PHP TNTClassifier似然概率分布

PHP TNTClassifier likelihood probability distribution

我正在使用 TNT 搜索文本分类模块, https://github.com/teamtnt/tntsearch, and it works good, the problem is I do not know how to interpret the results - more specifically the likelihood of correct match. I have read that it uses Naive Bayes classifier 但我找不到结果是哪种概率分布。我有自己的大约 50 个值(50 / 10 = 5 个类别)的小型测试数据集,猜测相当正确。

但是,此工具提供的似然数是一个负数,大约在 -15 到 -25 的范围内。

问题是,什么值可以被解释为不可信?假设该工具只有 <33% 的把握。这个假设对应什么值?

我已与 TNTSearch 开发人员取得联系。 classifier 实际上不是 return 概率而是 "highest score"。
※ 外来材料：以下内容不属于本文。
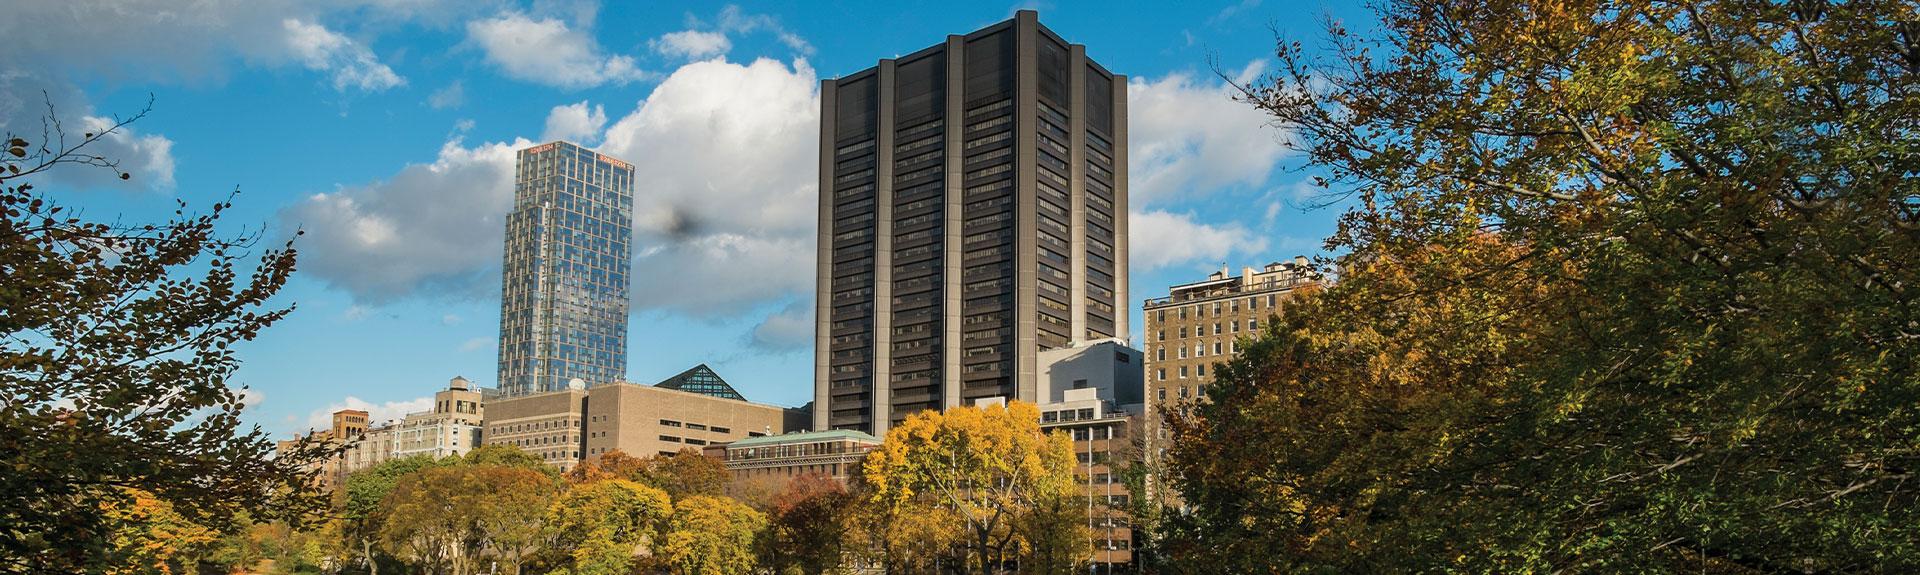 The Mount Sinai Hospital New York City Mount Sinai New York

并且只为最佳匹配。

根据提示,我对代码做了一些修改。

在 class TeamTNT\TNTSearch\Classifier\TNTClassifier 中,我更改了 predict 方法中的位(受 here 启发的 softmax 函数):

public function predict($statement)
{
    $words = $this->tokenizer->tokenize($statement);

    $best_likelihoods = [];
    $best_likelihood = -INF;
    $best_type       = '';
    foreach ($this->types as $type) {
        $best_likelihoods[$type] = -INF;
        $likelihood = log($this->pTotal($type)); // calculate P(Type)
        $p          = 0;
        foreach ($words as $word) {
            $word = $this->stemmer->stem($word);
            $p += log($this->p($word, $type));
        }
        $likelihood += $p; // calculate P(word, Type)
        if ($likelihood > $best_likelihood) {
            $best_likelihood = $likelihood;
            $best_likelihoods[$type] = $likelihood;
            $best_type       = $type;
        }
    }

    return [
        'likelihood' => $best_likelihood,
        'likelihoods' => $best_likelihoods,
        'probability' => $this->softmax($best_likelihoods),
        'label'      => $best_type
    ];
}

然后可以在$guess['probability']['$label']中找到百分比概率。